Declining to pass the bill, the appeal sheriffs said it was clear from the sheriff’s report that she did consider the trio of interests which any court must take into account when considering whether to adjourn a trial in summary proceedings, namely “prejudice to the prosecutor, prejudice to the appellant and the public interest”.
 
Delivering the opinion of the court, Sheriff Principal Stephen said: “The sheriff was advised of the reasons for the adjournment and these related to the availability of the police constable due to health reasons. The witness’s evidence is required to prove the charge in the absence of agreement of that evidence.  
 
“Clearly, the sheriff had regard to the nature of the charge which is a serious one aggravated, of course, by the allegation that the offence was committed whilst the complainer was subject to a bail order granted less than two weeks prior to the day of the alleged offence. 
 
“On 25 May 2018 the sheriff considered that no further adjournments ought to be granted beyond that which he allowed that day.
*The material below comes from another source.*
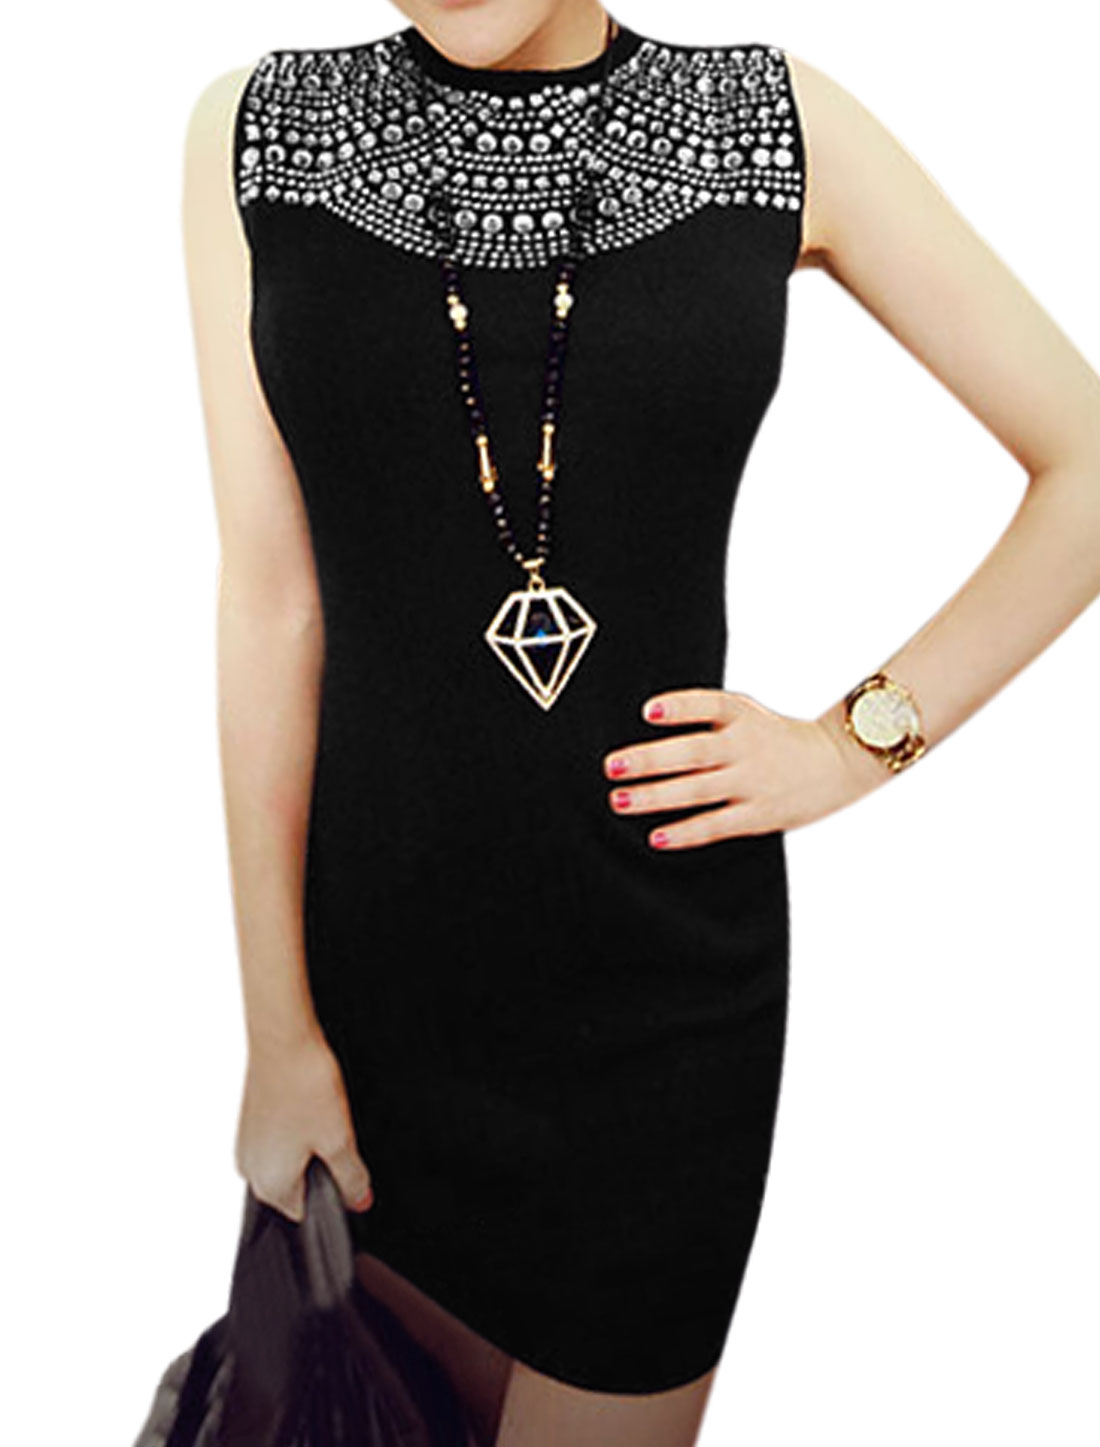 Ladies Black Rhinestones Embellished Zipper Back Sleeveless Dress S
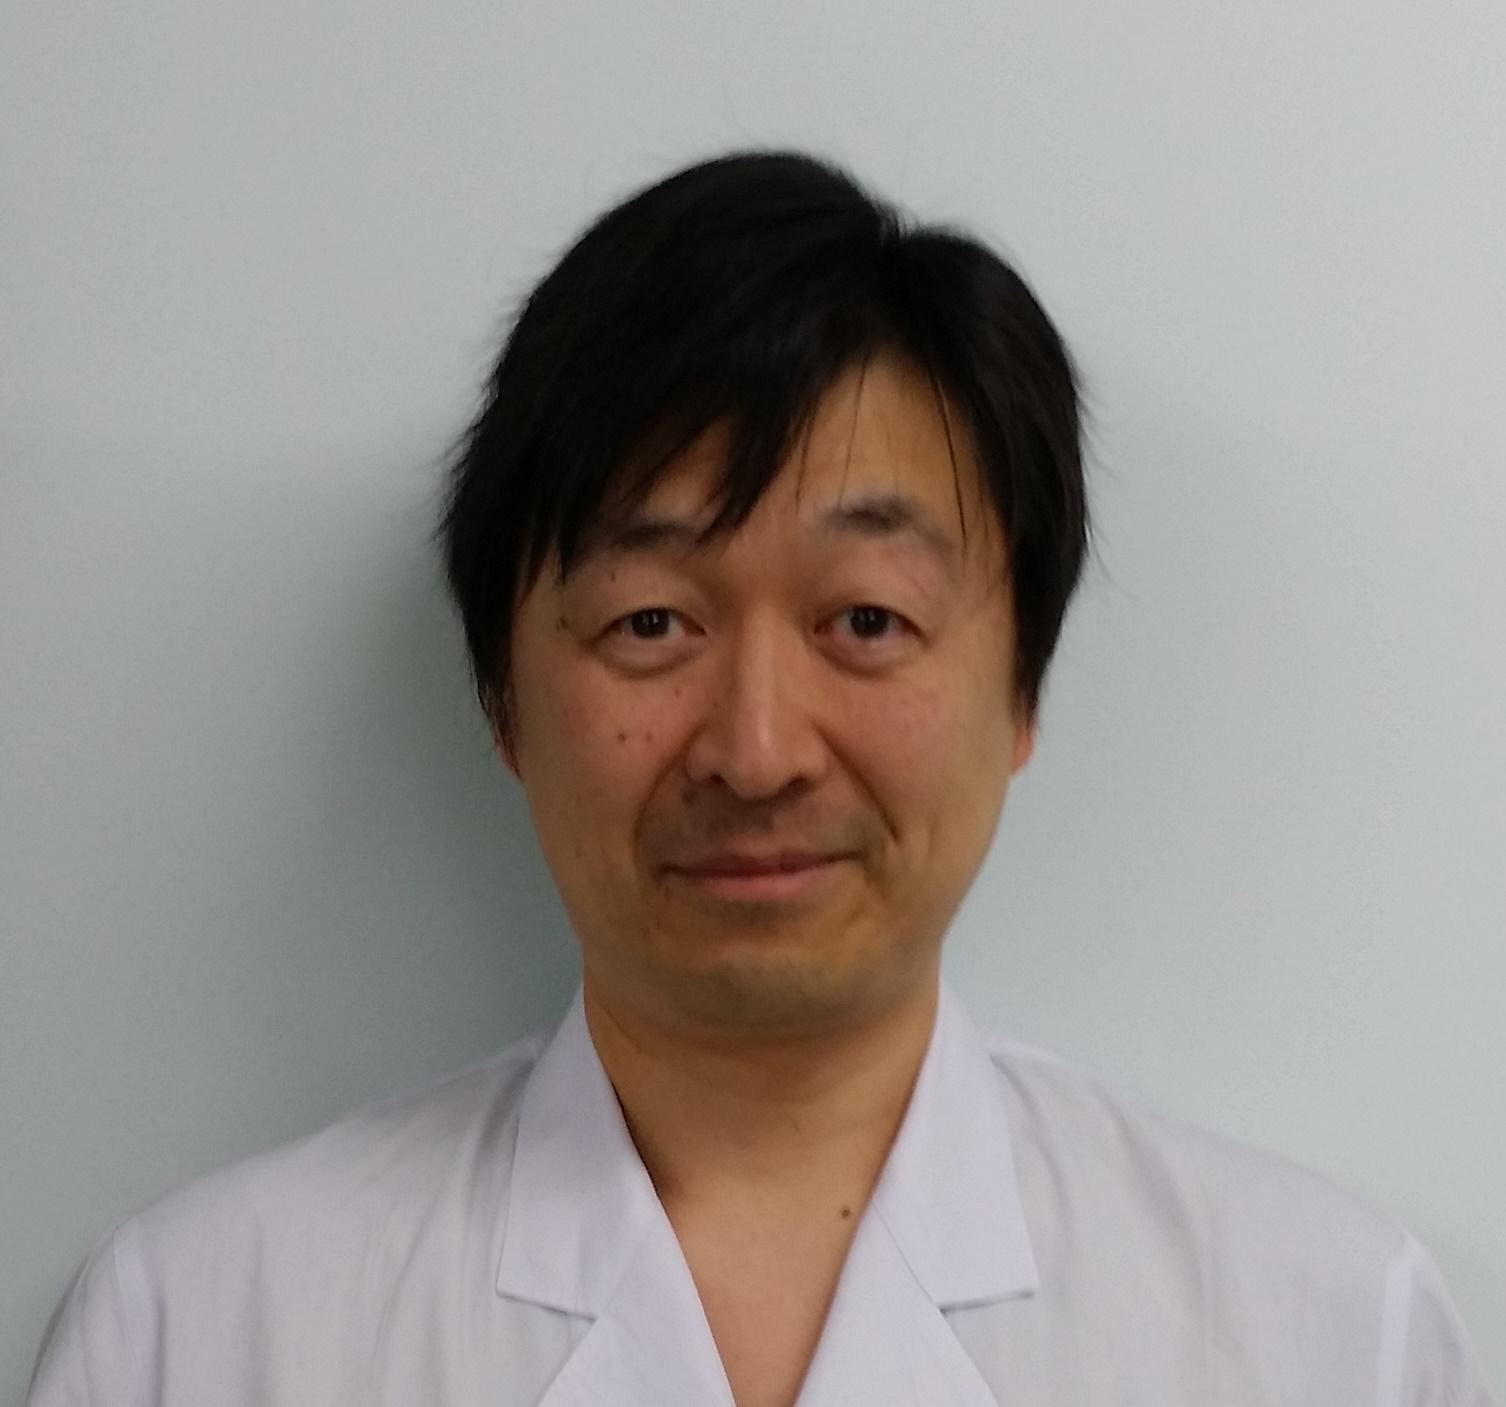 World Journal of Gastrointestinal Pathophysiology

This may well be a factor which the sheriff on 26 June 2018 had to consider but as the sheriff correctly observes she was not bound by her colleague’s decision as regards the finality of the adjournment process. 
 
“It would be improper to suggest that the sheriff was so bound as she required to take into account all relevant factors which pertained at the time she made her decision and exercised her own judgment.
 
“The sheriff is clearly aware of the procedural history. It cannot be argued that the decision to grant the crown adjournment in face of witness difficulties due to ill health was one which no reasonable sheriff would have reached.“
 
However, the court further observed that appeal by bill of advocation in the course of summary proceedings does nothing to assist the summary nature of such proceedings.  
 
Sheriff Principal Stephen added: “We agree that delay should be avoided but, of course, it has to be borne in mind that both parties have contributed overall to the passage of time since the complaint first called. 
 
“Generally speaking advocation should not be used as a mode of common law appeal in summary proceedings other than in exceptional cases where there is likely to be a miscarriage of justice which cannot be remedied by statutory appeal at the conclusion of the case. No such circumstances exist here.”
 
The court said steps should be taken to ensure that the complaint proceeds to trial next month.